Discriminant analysis can use as a dependent variable a categorical variable with more than two groups, usually three of four. The number of the predicted discriminant functions equals with the number of the variable’s categories minus 1. All of them have different sets of coefficients and produce a discriminate score for each case, but they have different classification ability. So, for a four level categorical dependent variable entering discriminant analysis, three discriminant functions are derived with their correspondent scores, and only one or two have the necessary power to achieve the optimum classification rates. The question arises in this case is about the number of functions which is needed to retain from the available set of functions.

In their paper, Brenn and Arnesen [11] compared the ability of discriminant analysis, logistic regression, and Cox model when applied in a dataset of 6595 men aged 20–49, who were followed for 9 years for total and coronary deaths, in order to select possible risk factors. People in the population sample were divided into two groups, one with mortality 5 per 1000 and one with 93 per 1000. Logistic regression and Cox model derived the same set of variables, and discriminant analysis set of variables had only minor differences. The researchers also noticed that a time-saving option, offered for both the logistic and Cox selection, showed no advantage compared with discriminant analysis, since by analyzing more than 3800 subjects, the logistic and Cox methods consumed, respectively, 80 and 10 times more computer time than discriminant analysis. Thus, the researchers reached to the conclusion that discriminant analysis is preferred for preliminary or stepwise analysis, otherwise Cox method should be used.

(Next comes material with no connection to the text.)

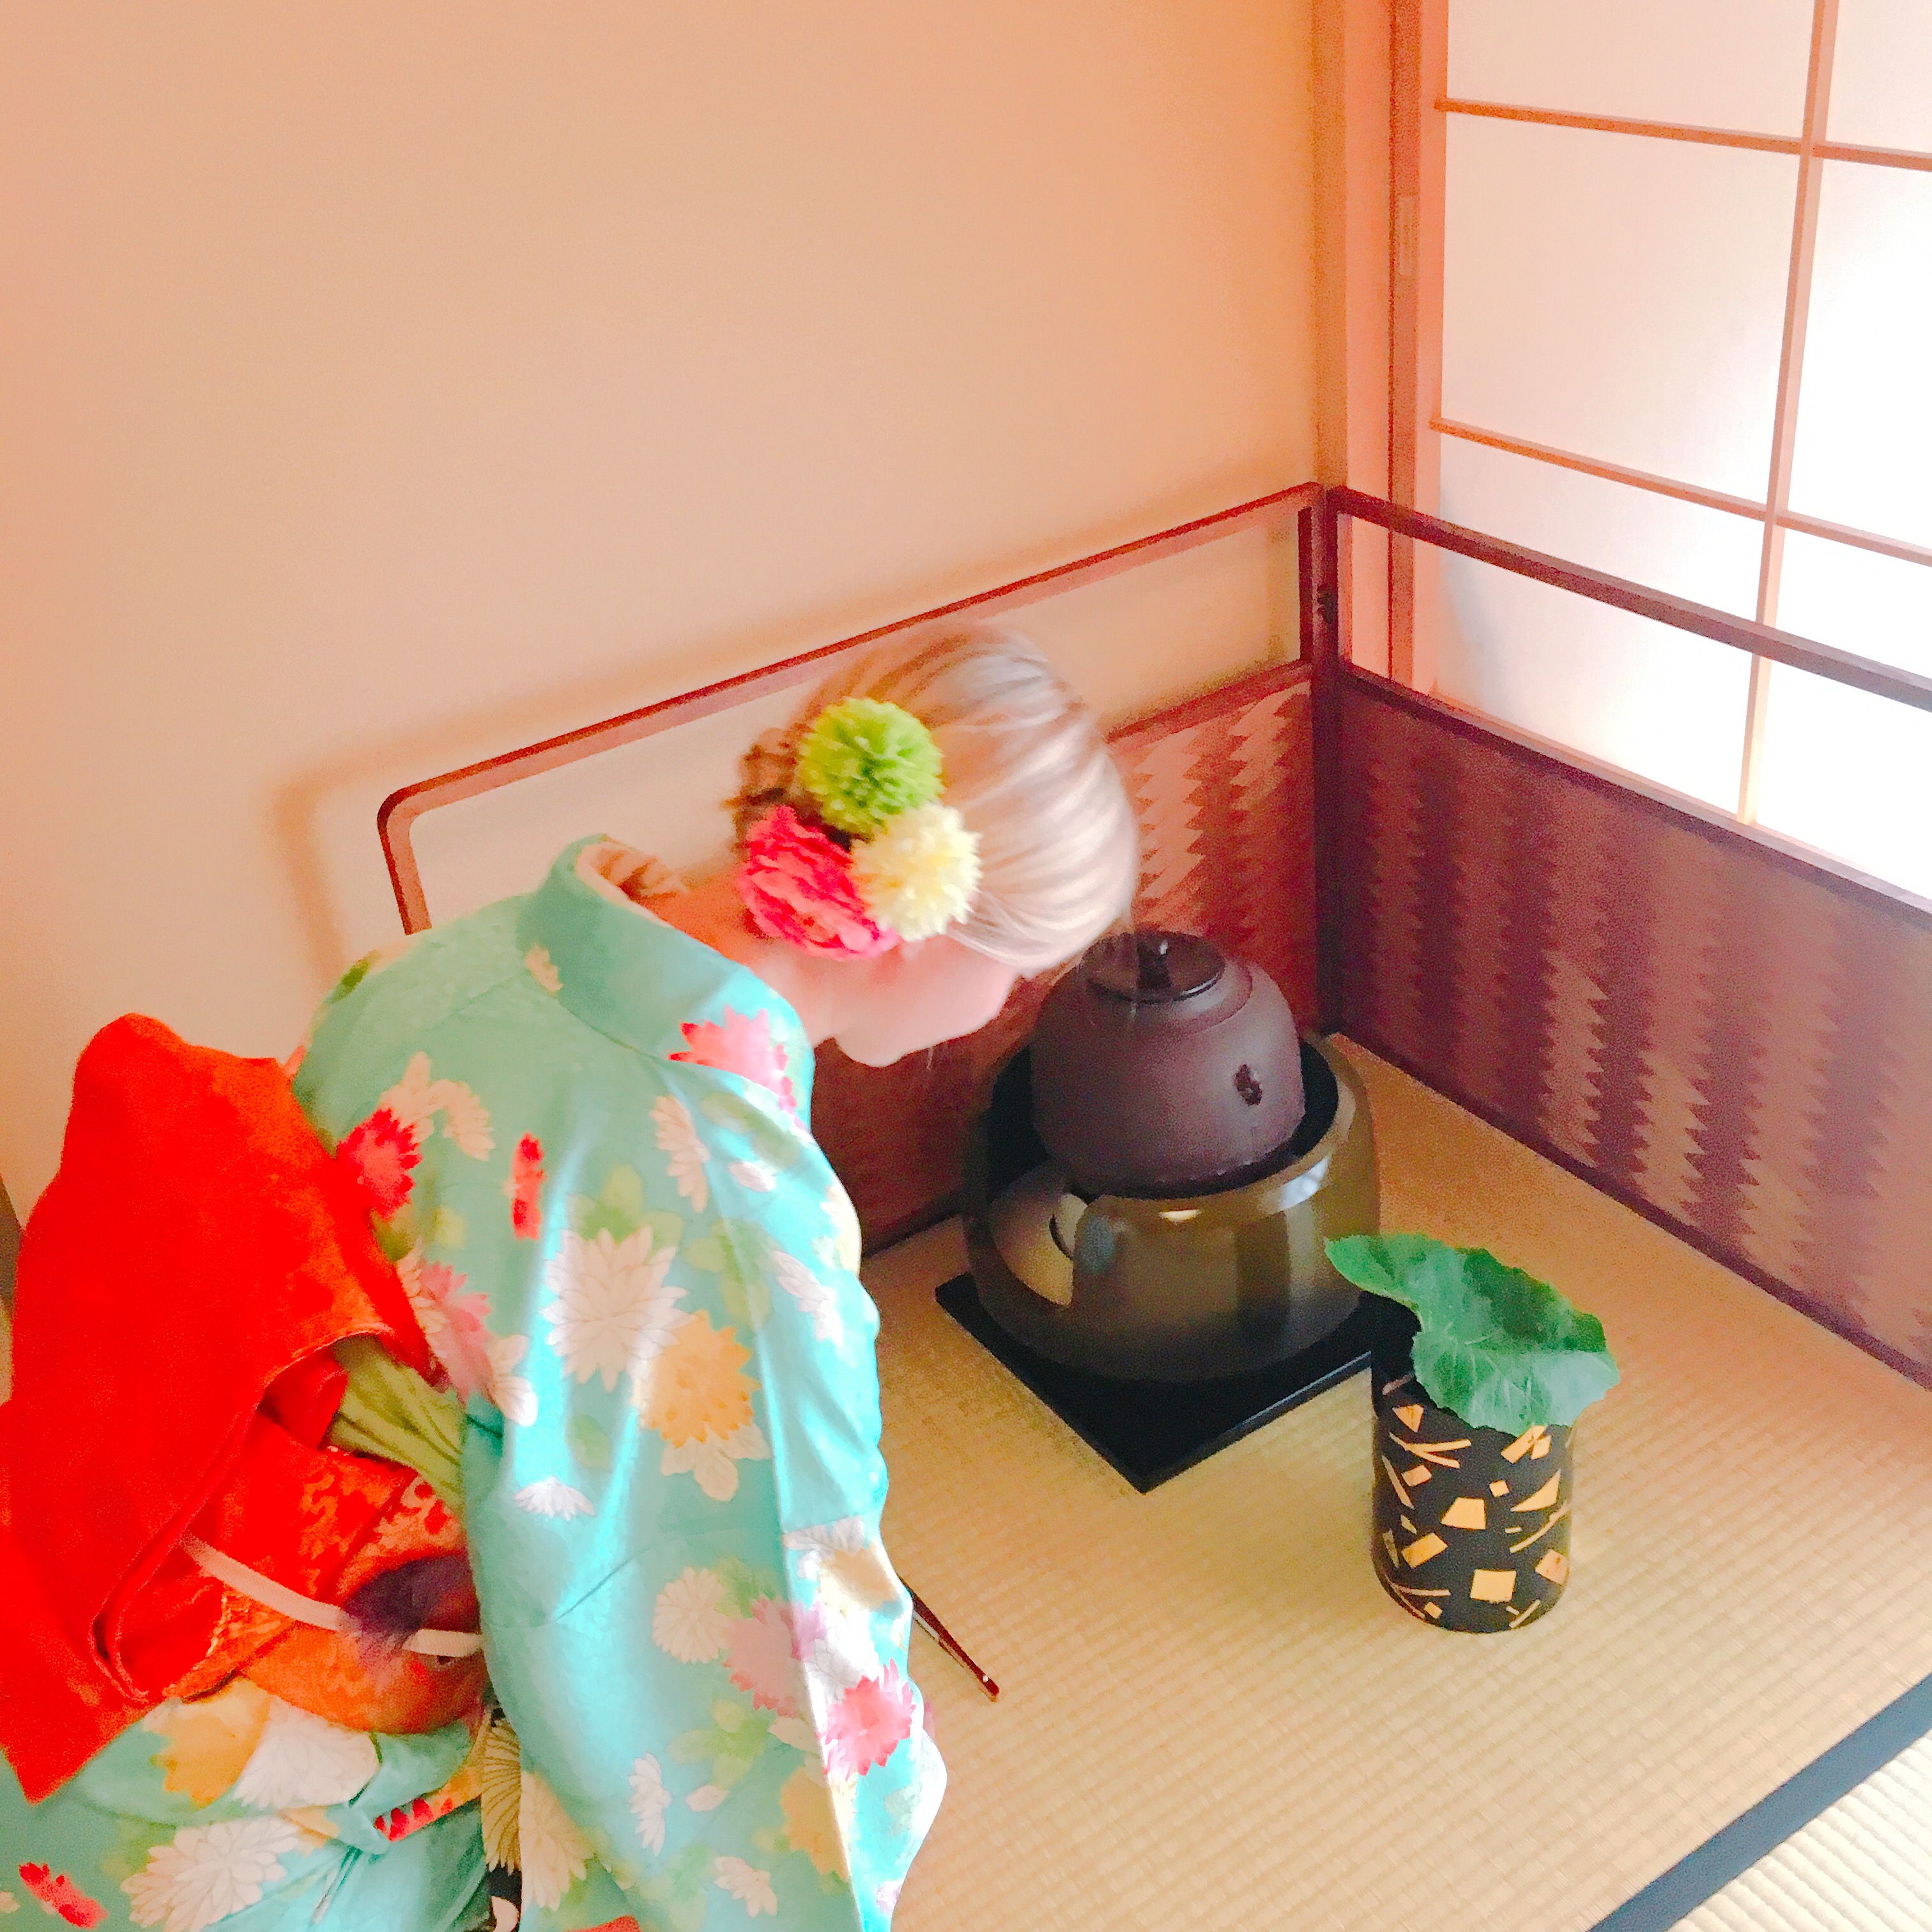 Tea Gathering of July, Tanabata

In the study of Pohar et al. [8], which used several simulated datasets and discrimination indexes, the convergence of the two methods is examined when the linear discriminant assumptions for normality of the distribution of explanatory variables are met, when they are violated, and when they are categorized for various parameters of the explanatory variables such as sample size, covariance matrix, Mahalanobis distance, and the direction of the distance between the group means. The authors concluded that linear discriminant analysis is a more appropriate method when the explanatory variables are normally distributed. For categorized predictor variables, linear discriminant analysis remains preferable, and logistic regression overcomes discriminant analysis only when the number of categories is small (2 or 3). When the assumptions of linear discriminant analysis are not met, the usage of it is not justified, while logistic regression gives good results regardless of the distribution of the predictors. In a study by Montgomery et al. [12], who compared the two methods in veterinary data using stepwise linear discriminant analysis and logistic regression in a first dataset and comparing the selected variables, the order of selection and the sign and the magnitude of the estimated coefficients of the discriminating models in a second dataset, resulted that although both methods converged logistic regression is preferable to discriminant analysis particularly when the assumptions of normality and equal variance are not met.

In order to compare the two methods, we applied them in a real dataset, and we did not use simulation methods, as the number of the observations in the dataset, although not very large, was sufficient to provide reliable results. Also, although linear discriminant function is a better method than logistic regression when the normality assumptions are met, the differences between them become negligible when the sample size is large enough (50 observations or more).

5. Conclusion

In conclusion, logistic regression and discriminant analyses were similar in the model analysis. In order to decide which method should be used, we must consider the assumptions for the application of each one.